Extracted material below:

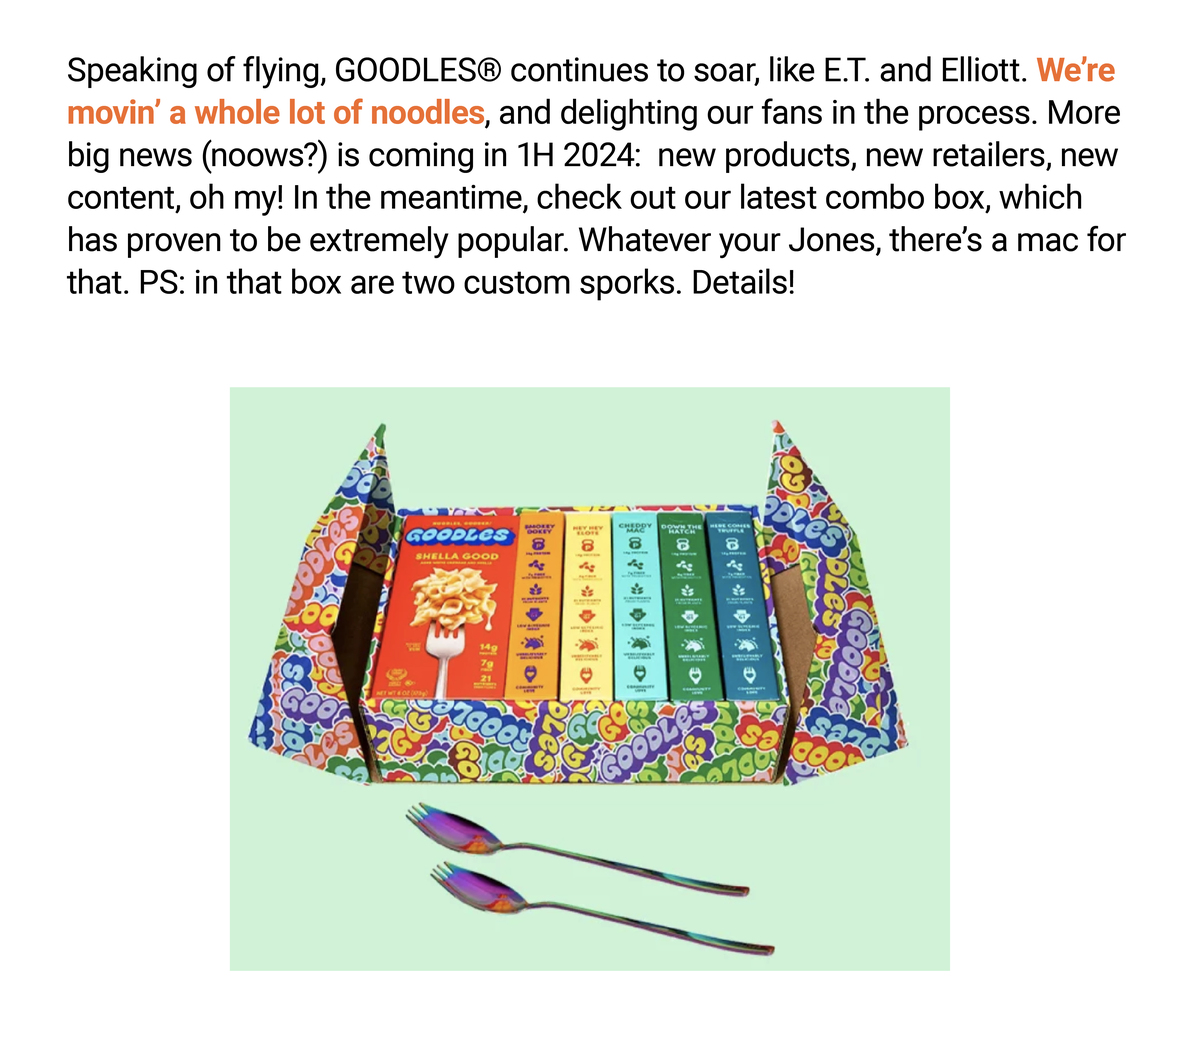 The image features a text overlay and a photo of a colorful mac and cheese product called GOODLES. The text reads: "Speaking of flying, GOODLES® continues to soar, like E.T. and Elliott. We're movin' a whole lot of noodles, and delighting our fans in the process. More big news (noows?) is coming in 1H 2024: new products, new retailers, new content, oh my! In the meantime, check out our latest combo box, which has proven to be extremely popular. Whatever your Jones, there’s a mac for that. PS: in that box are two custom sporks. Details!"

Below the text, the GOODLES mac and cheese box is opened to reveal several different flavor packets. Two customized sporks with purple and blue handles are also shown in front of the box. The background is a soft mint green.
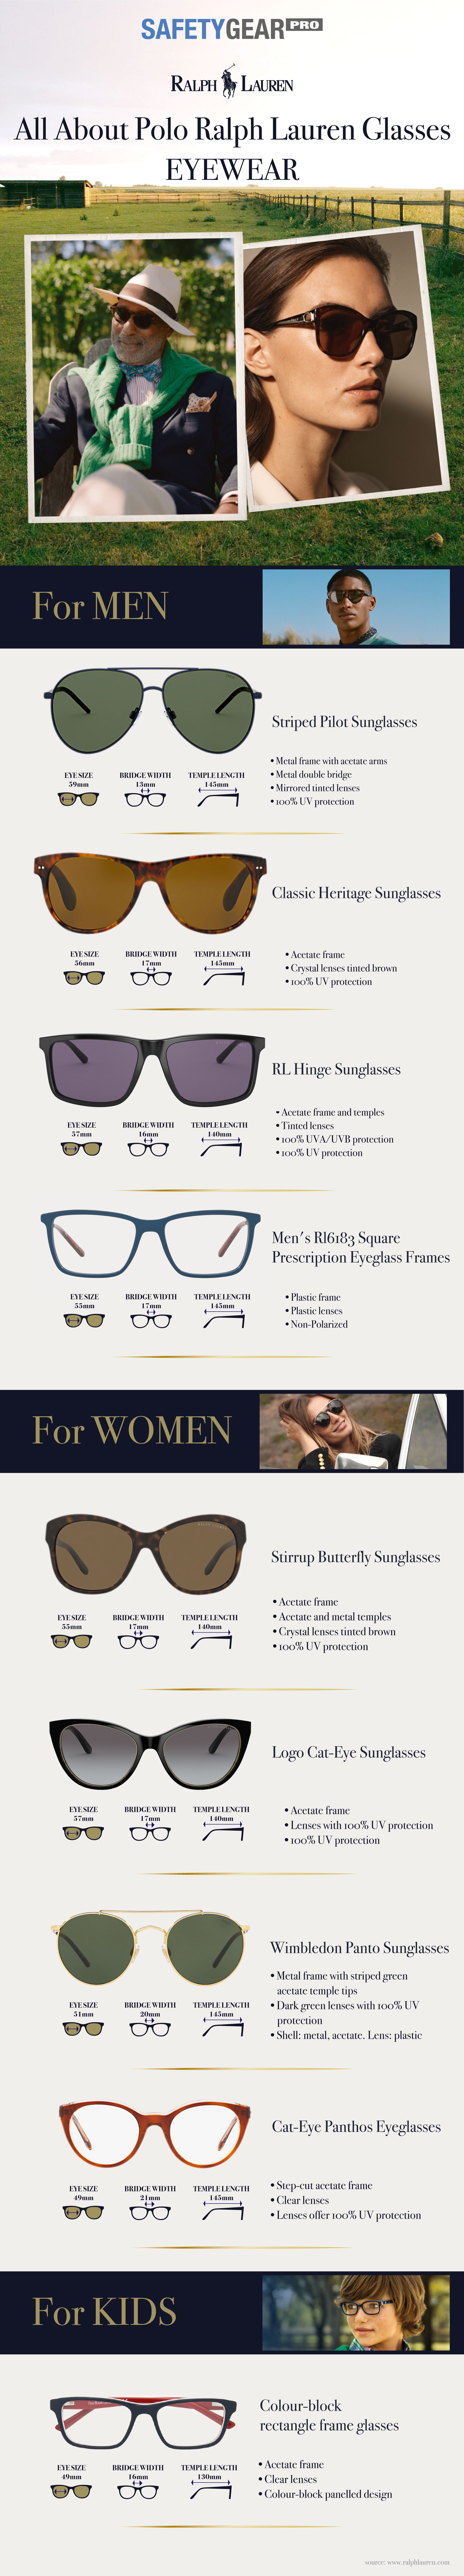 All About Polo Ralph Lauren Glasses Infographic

End of Extracted material.
Extracted material below:

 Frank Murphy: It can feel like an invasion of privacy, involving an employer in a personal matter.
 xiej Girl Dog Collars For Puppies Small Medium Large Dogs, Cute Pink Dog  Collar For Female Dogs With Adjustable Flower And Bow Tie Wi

End of Extracted material.

**How to complete this task**: Once the line with "The image features" is found above, print it and every line after it through the line with "All About Polo", exactly. Pictures stay out.

**Response to this exercise**:
 The image features a text overlay and a photo of a colorful mac and cheese product called GOODLES. The text reads: "Speaking of flying, GOODLES® continues to soar, like E.T. and Elliott. We're movin' a whole lot of noodles, and delighting our fans in the process. More big news (noows?) is coming in 1H 2024: new products, new retailers, new content, oh my! In the meantime, check out our latest combo box, which has proven to be extremely popular. Whatever your Jones, there’s a mac for that. PS: in that box are two custom sporks. Details!"

Below the text, the GOODLES mac and cheese box is opened to reveal several different flavor packets. Two customized sporks with purple and blue handles are also shown in front of the box. The background is a soft mint green.
 All About Polo Ralph Lauren Glasses Infographic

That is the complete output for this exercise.